DreamWorks Animation SKG Inc. reported fourth-quarter earnings Thursday that were cursed by a were-rabbit.
Profit at the Glendale-based studio fell 67% on disappointing box-office receipts for the Oscar-winning “Wallace and Gromit: The Curse of the Were-Rabbit.”
The earnings included a one-time tax benefit as well as a $25-million charge to write down the value of “Wallace and Gromit.” Despite winning an Academy Award for best animated feature, the stop-motion tale of a veg-ravaging rabbit monster failed to resonate with U.S. audiences.
And the studio does not expect any significant revenue in the first half of the year until the May release of its next feature, “Over the Hedge.”
“It’s pretty ugly all the way around,” said David W. Miller, managing director of Sanders Morris Harris. “I’m not really sure there is anything positive in this release that long-term investors can hang their hat on.”
Nonetheless, Thursday’s results beat Wall Street expectations, and DreamWorks shares rose 24 cents to $27.10 in after-hours trading after the earnings announcement. They gained 23 cents to $26.86 in regular trading. Investors are expecting big results from DreamWorks’ 2007 slate, which features “Shrek 3" and Jerry Seinfeld’s “Bee Movie.”
Net income for the fourth quarter dropped to $63.2 million, or 61 cents a share, from $192 million, or $1.99, a year earlier. Revenue fell 65% to $172.9 million.

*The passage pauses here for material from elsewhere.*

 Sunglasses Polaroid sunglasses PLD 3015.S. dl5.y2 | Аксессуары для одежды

Last year’s earnings were boosted by home video sales of “Shrek 2" and box-office receipts from “Shark Tale.”
“Wallace and Gromit,” made by British studio Aardman Animations, grossed just $56 million domestically, and DreamWorks cannot recognize revenue from the film until its distribution costs are paid.
“It’s hard to have a film more critically acclaimed,” Chief Executive Jeffrey Katzenberg said, “but it did not perform in the domestic marketplace.”

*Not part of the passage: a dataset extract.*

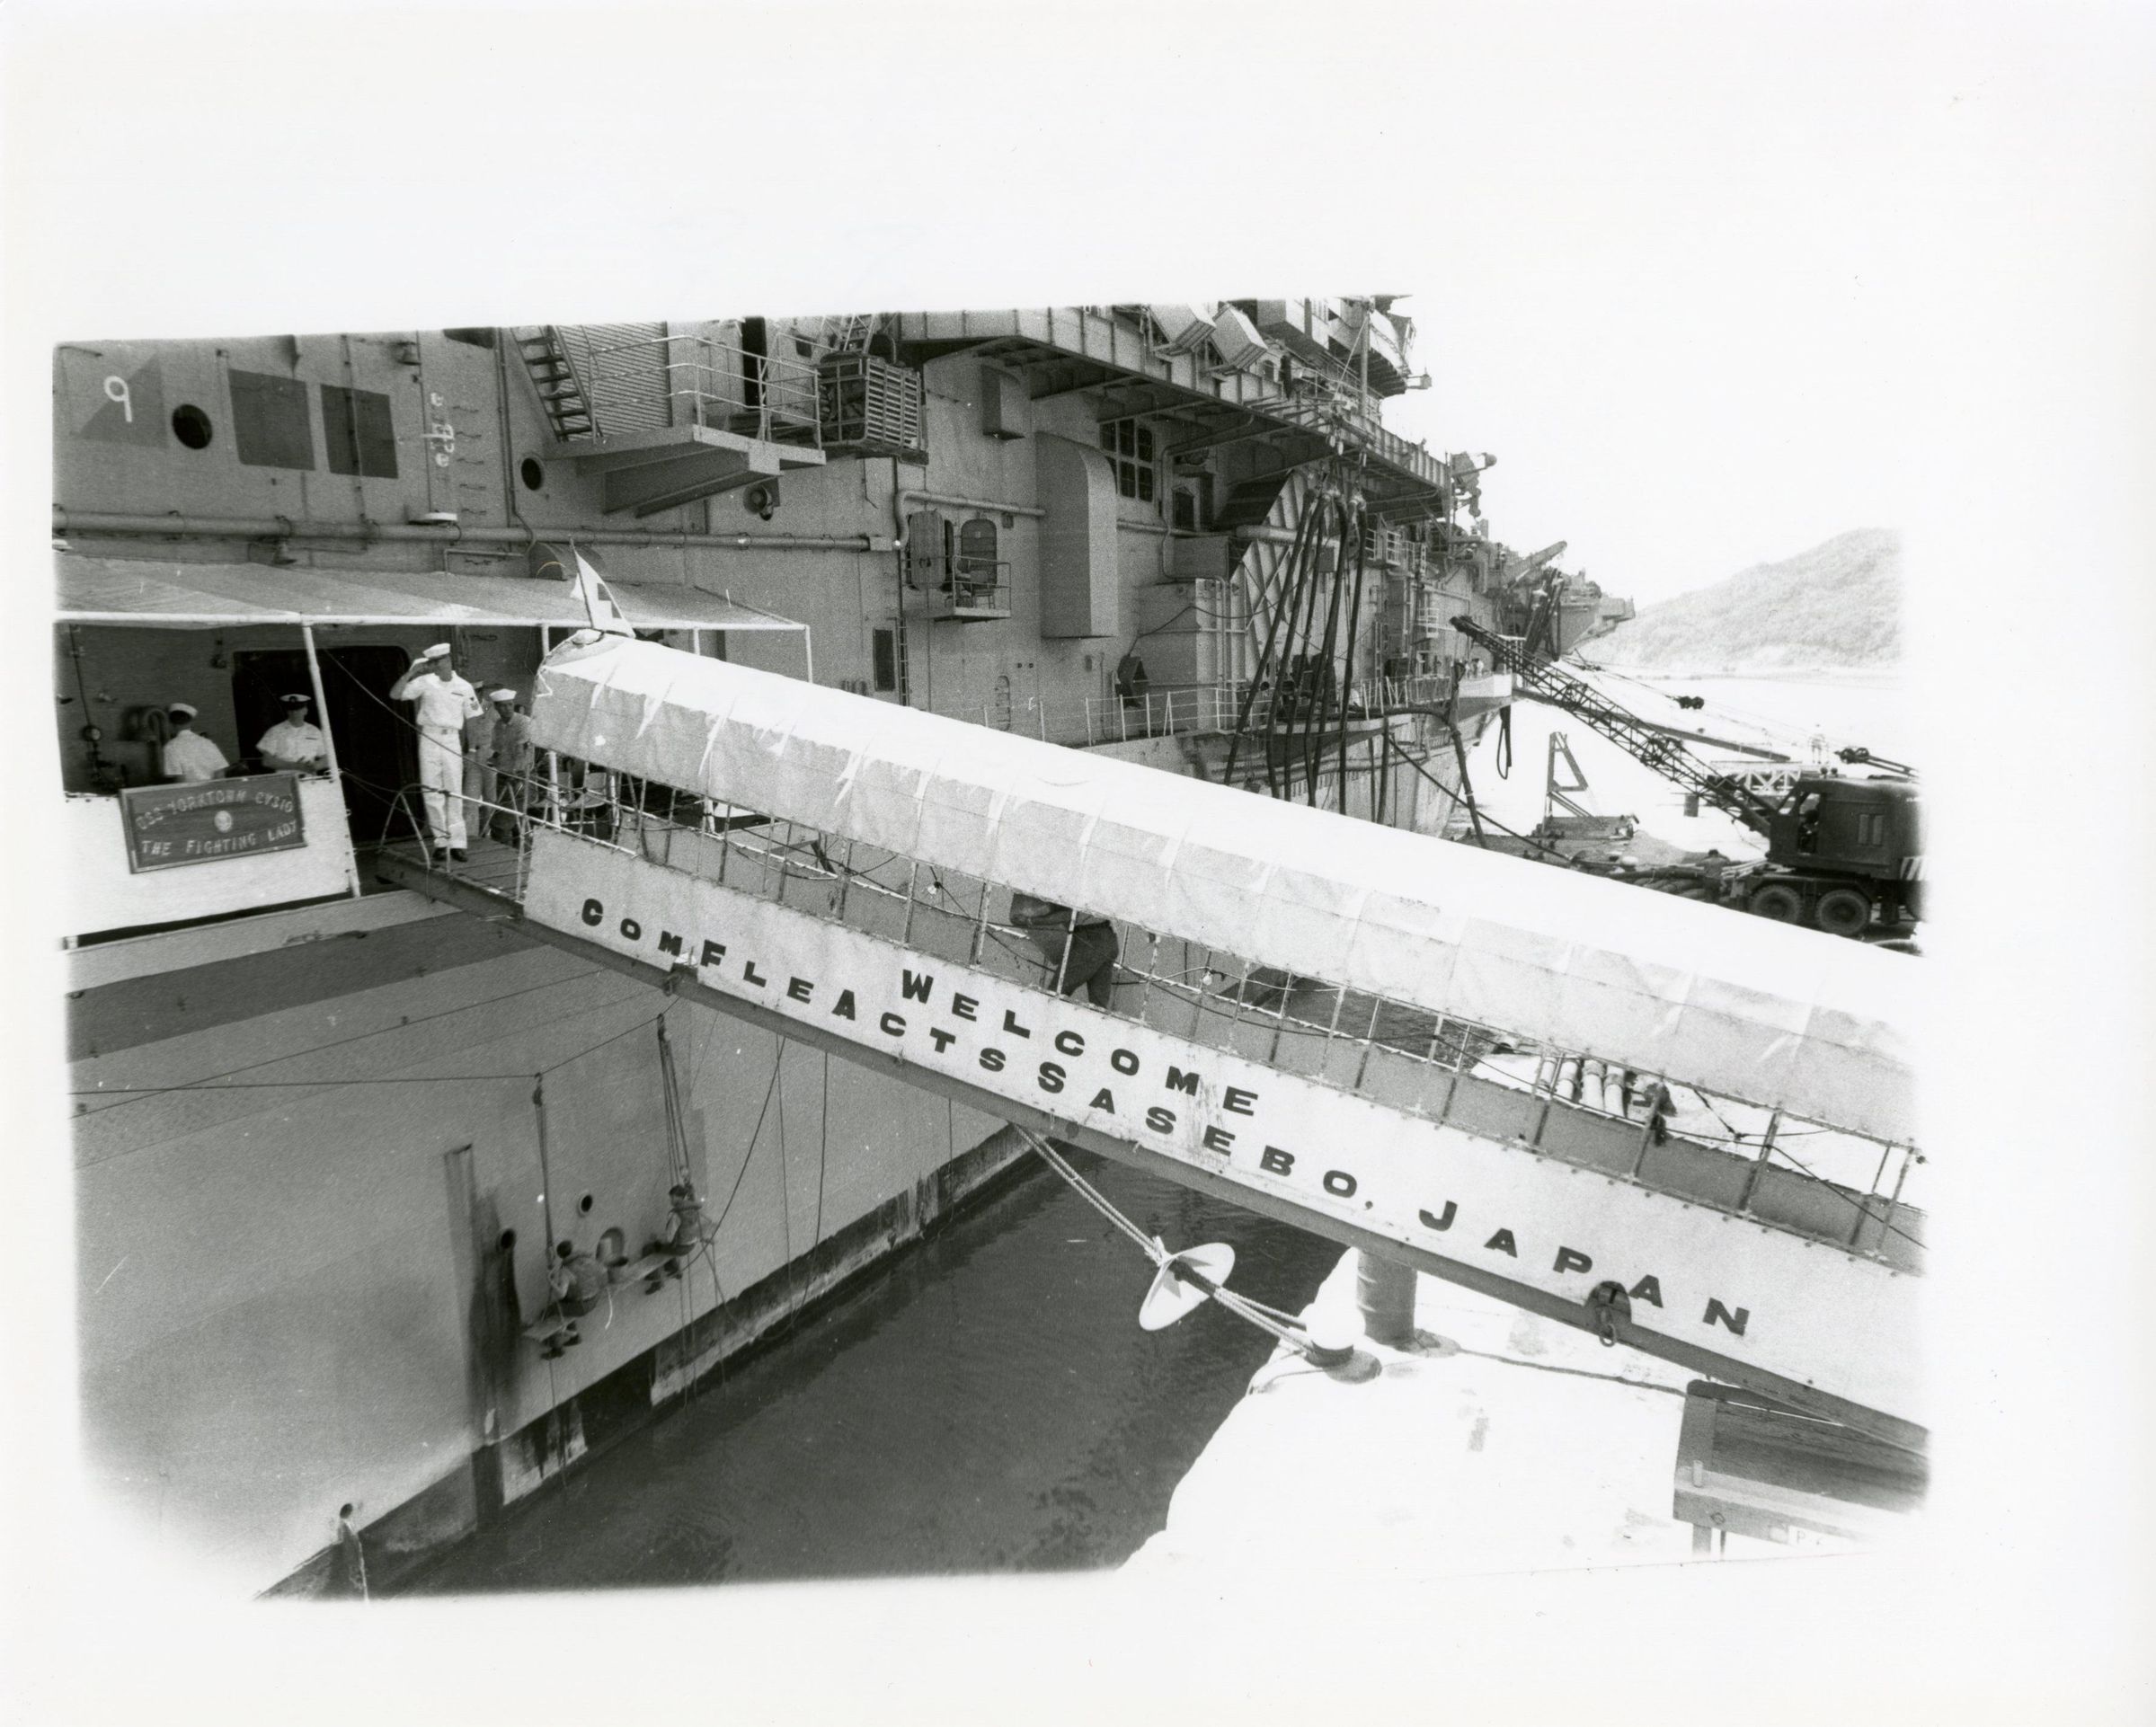 Primary Image of USS Yorktown (CVS-10) Visits Sasebo, Japan in 1968

Most of the quarter’s revenue -- $152.3 million -- came from home video sales of “Madagascar,” DreamWorks’ last computer-animated feature.
For the year, net income fell to $104.6 million from $333 million in 2004. Revenue declined 57% to $462.3 million.
The disappointment of “Wallace and Gromit” makes it unlikely that DreamWorks will make another stop-motion film with Aardman. However, it is releasing Aardman’s computer-animated “Flushed Away” this fall.
Katzenberg defended the studio’s long-term record with computer-animated films, saying that “Shark Tale” and “Madagascar” were solid hits at the box office and ranked among the top-selling DVDs last year.
A studio spokesman said DreamWorks was cooperating with an inquiry by the Securities and Exchange Commission into stock trading around the time the company surprised Wall Street last May with earnings that fell short of expectations. In addition, DreamWorks is still smarting from its miscalculation of demand for “Shrek 2" DVDs. The company was left with millions of unsold discs and less revenue than expected.